En abril de 2025, el Tribunal decidió que el programa de Malta viola el Derecho de la Unión. El fallo fue claro: la práctica mina la “confianza mutua” entre los estados miembros. El Tribunal etiquetó el programa de “comercialización de la concesión de nacionalidad” y concluyó que, al reducir la ciudadanía a una transacción comercial sin un “vínculo real”, Malta pone en peligro todo el sistema de la UE. Esta decisión torna legalmente insostenible cualquier programa de CBI “instantáneo” dentro del bloque.
¿Vale la Pena? El Riesgo Sistémico de la Ciudadanía Comprada
Para los millonarios, el escenario de riesgo ha cambiado drásticamente.
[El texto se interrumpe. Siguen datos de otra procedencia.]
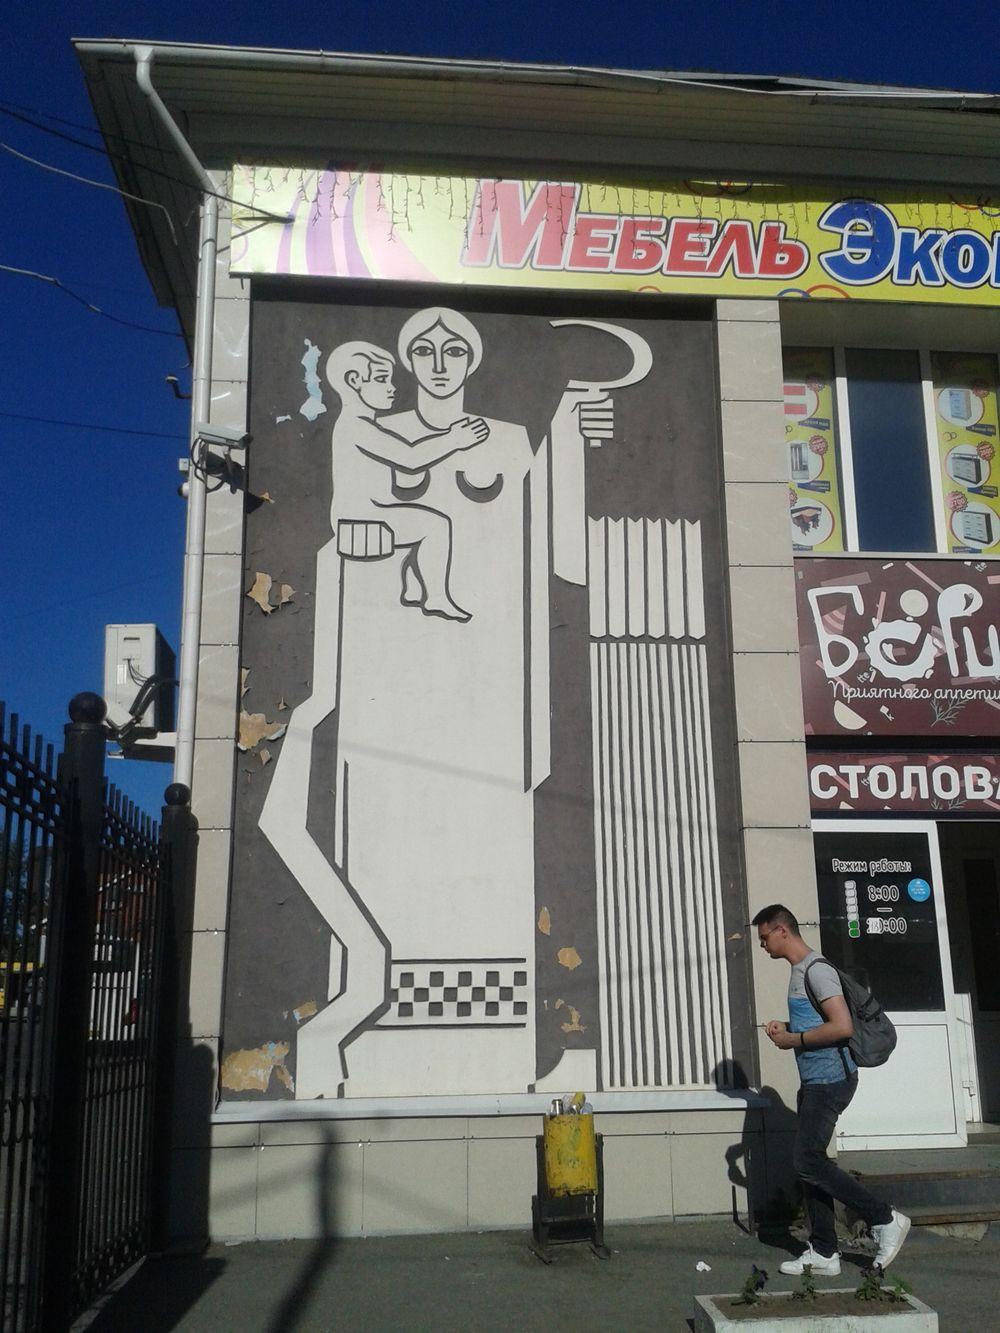 Диптих на здании Центрального автовокзала. Ижевск Красноармейская ул., 134А. ДВА. 5 июня 2021 г., 17:15:12.

La adquisición de un pasaporte barato ahora conlleva risks reputacionales y bancarios significativos. Órganos globales como el FATF y la OECD han identificado estos programas como vehículos de alto riesgo para lavado de dinero y evasión fiscal.
Esta presión global coloca a los programas del Caribe en modo de supervivencia. El principal valor de sus pasaportes de US$ 100 mil es el acceso sin visa al Espacio Schengen, un privilegio que la UE puede revocar en cualquier momento (como ya hizo con Vanuatu). El “Plan B” más seguro, por lo tanto, ya no es el más rápido o barato, sino los programas de Residencia (RBI) más lentos y que exigen un vínculo genuino con el nuevo país.
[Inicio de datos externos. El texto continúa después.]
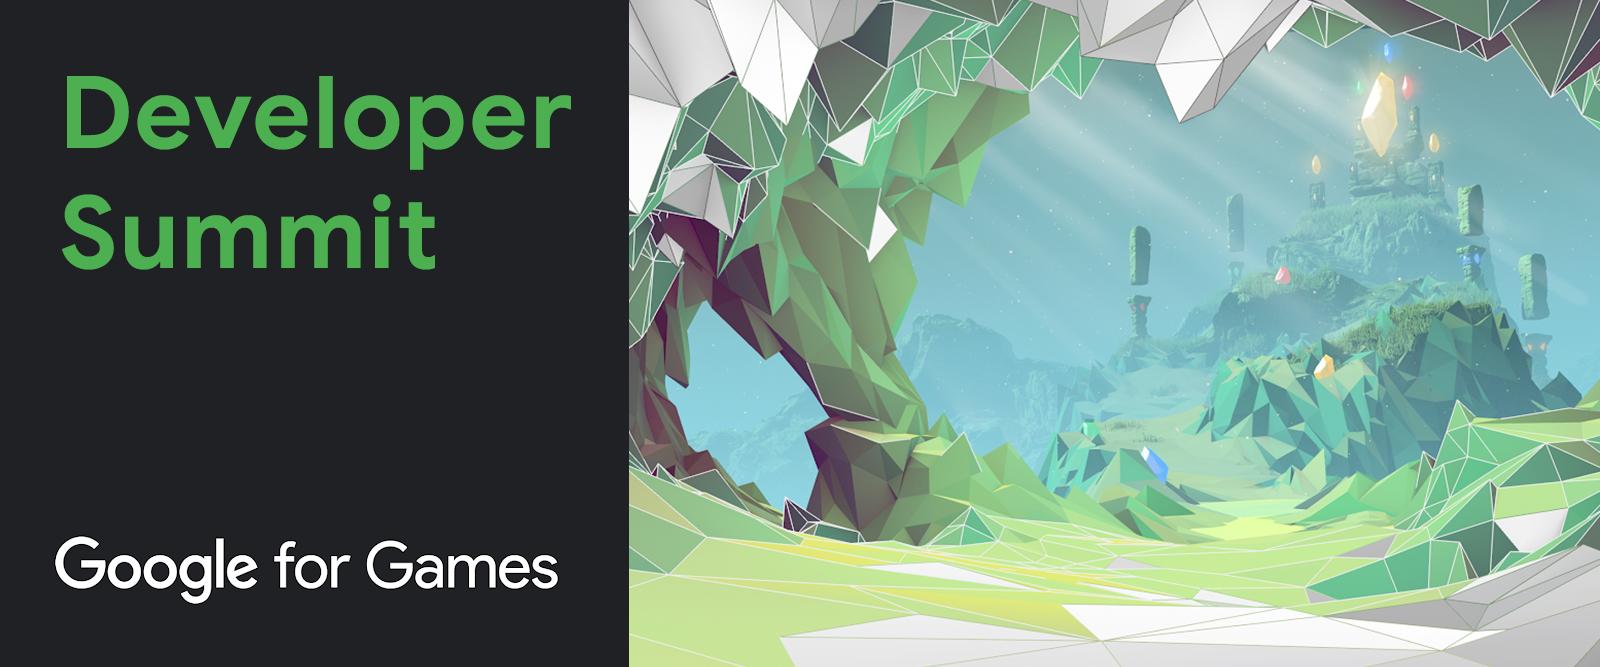 Google Games Developer Summit 2020

El mercado de “pasaportes dorados” está en un punto de inflexión, dividido entre la búsqueda de los millonarios por seguridad y la represión de los gobiernos por integridad.
¿Qué opinas de esta práctica? ¿Es una inversión legítima en seguridad personal o una falla de seguridad global que permite la evasión de reglas? Deja tu opinión en los comentarios, queremos saber qué piensas.